Light Rye Bread – KAB
INGREDIENTS
• 340g (1 ½ c) lukewarm water
• 280g (2 ⅓ c) bread flour
• 163g (1 ½ c) light rye flour
• 28g ( ¼ c) nonfat dry milk
• 1 ½ tsp table salt
• 1 ½ tsp instant yeast
• 1 ½ tsp Deli Rye Flavor, optional
• 25g (2 Tbl) vegetable oil
• 1Tbl caraway seeds
METHOD
- Place the water in the bowl of a stand mixer.
- Combine the flours with the remaining ingredients with the warm water. Mix until there are no dry spots and all of the flour is moistened. The texture of the dough will be soft and sticky due to the pumpernickel flour.
- Cover the bowl and let the dough rise at room temperature for 2 hours. Then refrigerate overnight, or for up to 48 hours.

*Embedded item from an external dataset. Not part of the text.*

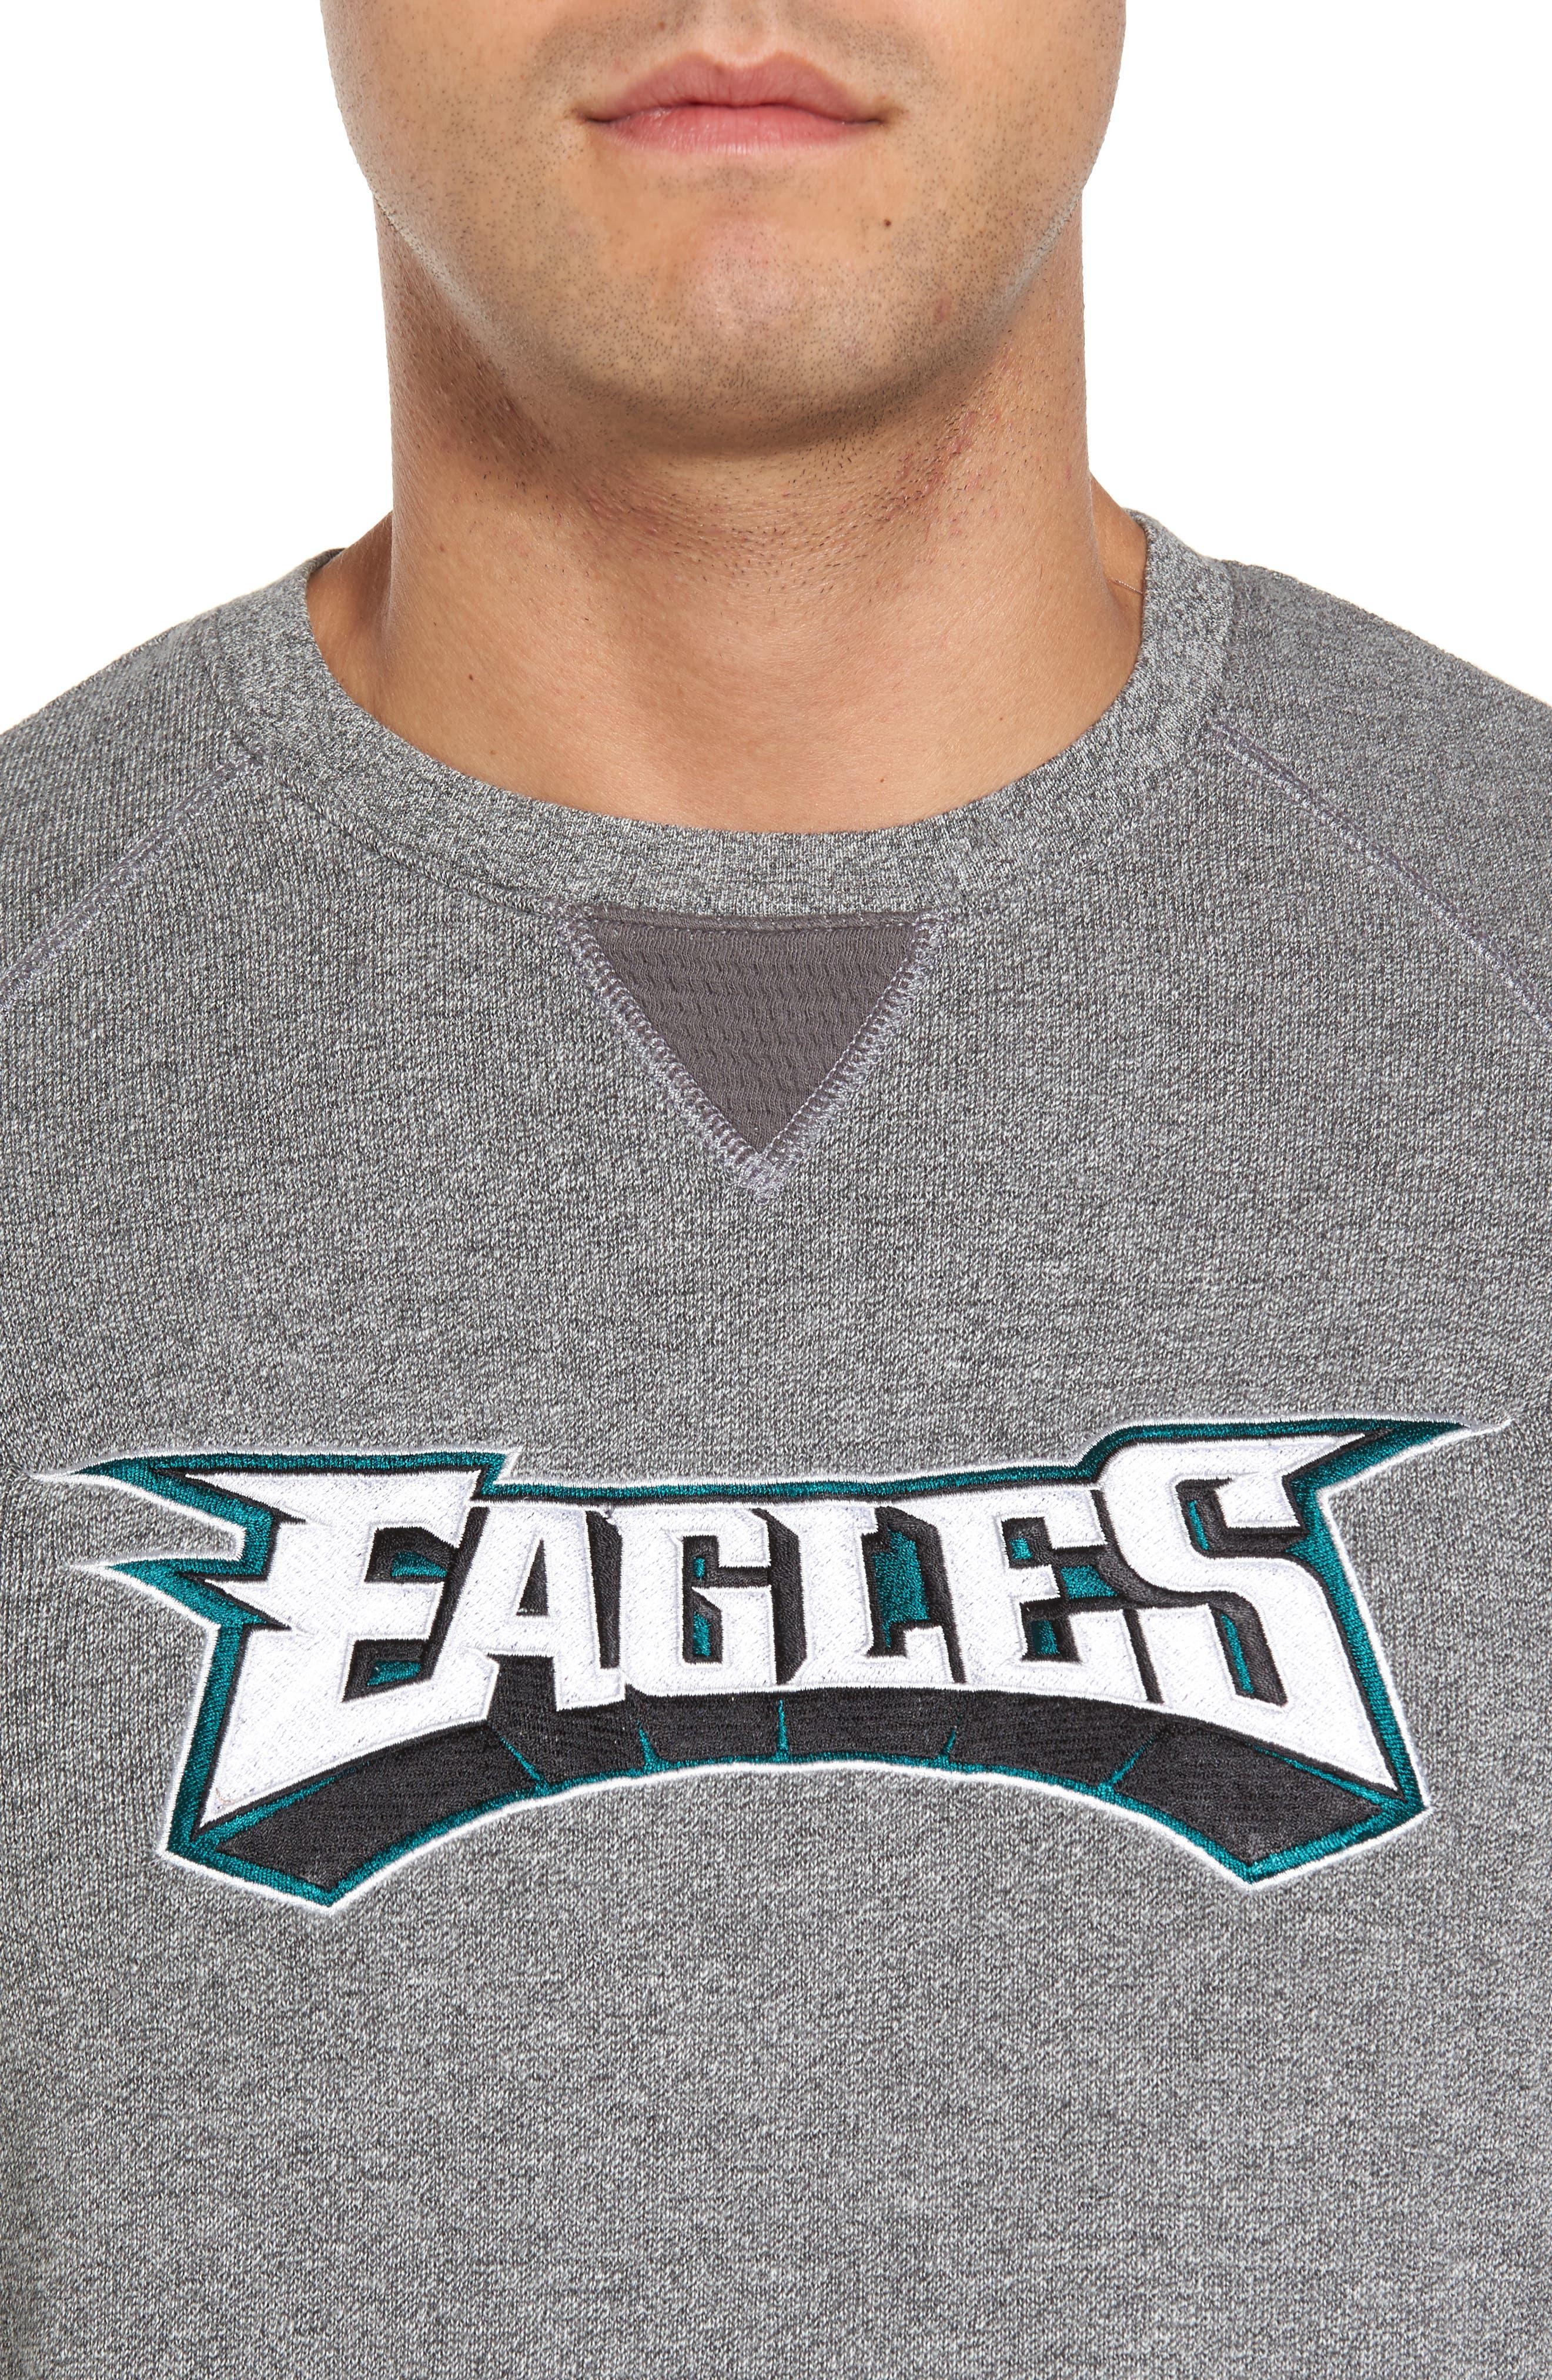 NFL Stitch of Liberty Embroidered Crewneck Sweatshirt,                             Alternate thumbnail 106, color,

- Grease your hands, and scoop the dough out onto a lightly greased or floured work surface. Shape it into a ball or boule and place it, smooth side down, in a floured brotform. Let the dough rise, covered, for 2 to 3 hours.
- About 45 minutes before the end of the rising time, preheat the oven to 450°F with an appropriate Dutch oven.
- When the loaf is fully risen, remove the hot Dutch oven bottom from the oven, carefully grease it, and tip the risen ball of dough into it. Make several slashes in the dough. Cover with the lid, and place it on a middle rack in the oven.
- Bake the bread for 25 minutes. Check the interior temperature with a digital thermometer. When fully baked it should register at least 195°F. If not, remove the lid and bake for an additional 5 to 10 minutes until the loaf should be lightly browned.
- Remove the bread from the oven and turn it out of the crock onto a rack. Cool for several hours before slicing.